We are simulating such host switches by moving lice among species of captive pigeons and doves in controlled experiments. One goal of this work is to predict the conditions under which parasites are likely to "jump" to new hosts. We have conducted a series of long-term transfer experiments using half a dozen species of North American pigeons and doves. These species vary substantially in body size, feather size and other features of interest. Each has a genus of "wing" louse and a genus of "body" louse. The ecology of wing and body lice is extremely similar; however, they specialize on different regions of the host's body and differ significantly in host specificity (body lice are more specific than wing lice). They also differ significantly in population genetic structure, with body lice showing more structure than wing lice (Johnson et al. 2002 Molecular Ecology).

In conjunction with our transfer experiments, we have reconstructing phylogenies for the birds and both kinds of lice, using nuclear and mitochondrial DNA sequences that we determine in the lab.
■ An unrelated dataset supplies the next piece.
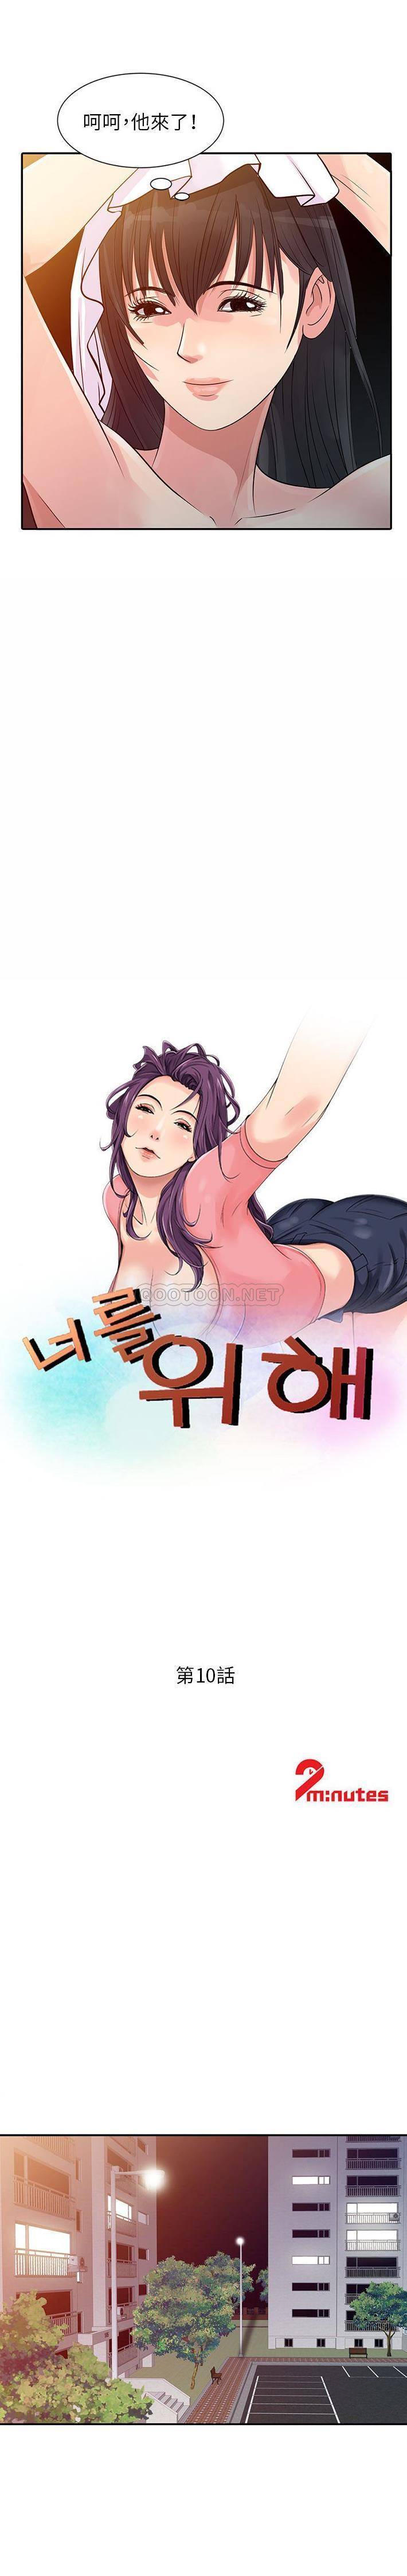 韩国污漫画 征服的滋味 第10话 2

Comparisons of the host and parasite trees reveal that body lice have cospeciated more extensively with the host group than wing lice (Clayton and Johnson 2003 Evolution).   The purpose of the transfer experiments is to determine why the two kinds of lice differ in specificity and cospeciation, despite living on the same hosts and having such similar ecologies (e.g. both kinds of lice feed only on feathers located on the host's abdominal region). Our preliminary results show that both kinds of lice have low relative fitness when transferred to hosts that differ from the native host in body size.
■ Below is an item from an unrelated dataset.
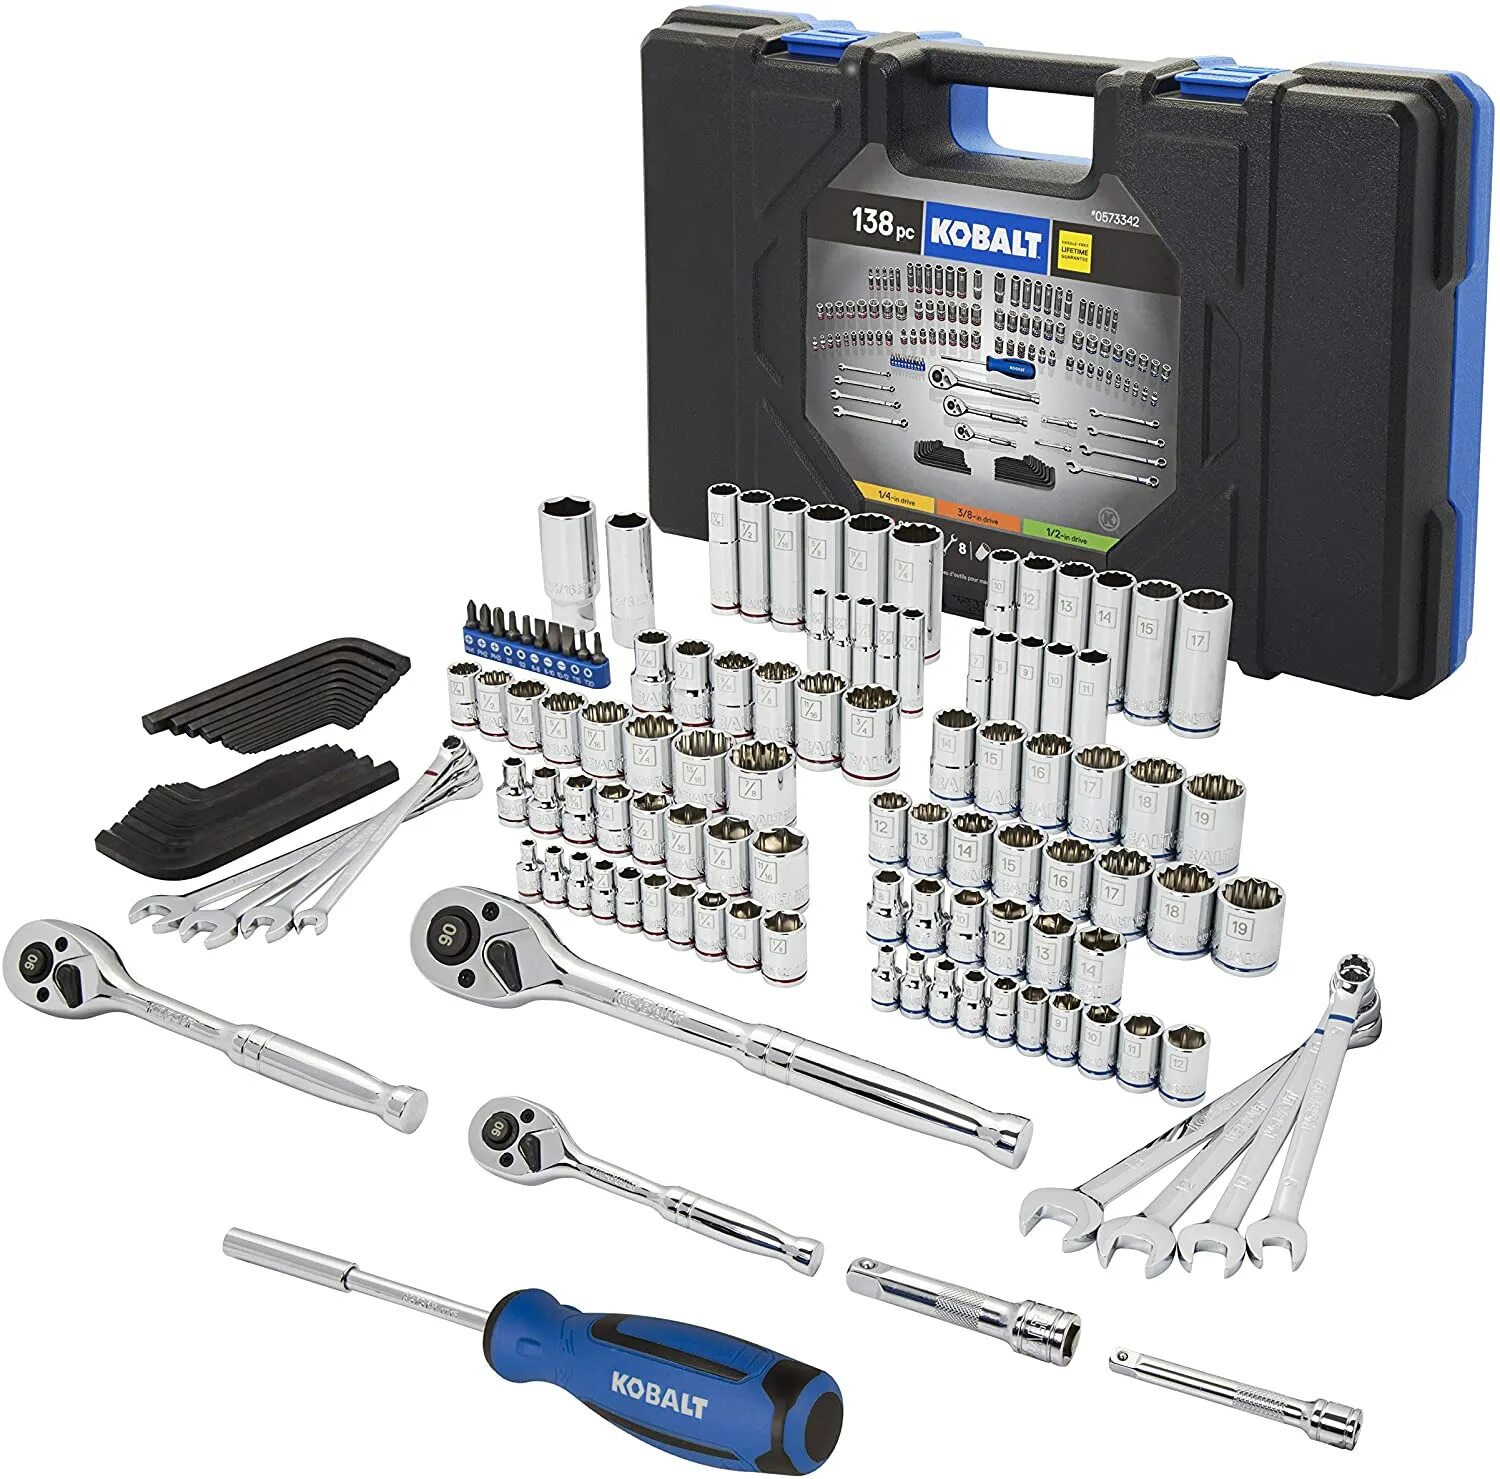 Набор головок фирма Ombra 69pc Mechanic Tool Set. Kobalt Tools инструмент. Kobalt Screwdriver bit Set 01464. Bosch Ratchet. Wrench Set.

Why is size so important? We have also conducted a series of experiments to test three possible adaptive hypotheses:

1. Attachment -- the ability of lice to hold onto feathers of various sizes.
2. Feeding -- the ability of lice to feed on feathers of various sizes.
3. Escape -- the ability of lice to escape host defense (preening) on different feathers.

Our results show that lice are capable of holding onto, and feeding upon, feathers of many different sizes. In contrast, our results show that lice are unable to escape from preening on feathers of different sizes (Clayton et al. 2003 Proceedings of the National Academy of Sciences, USA ).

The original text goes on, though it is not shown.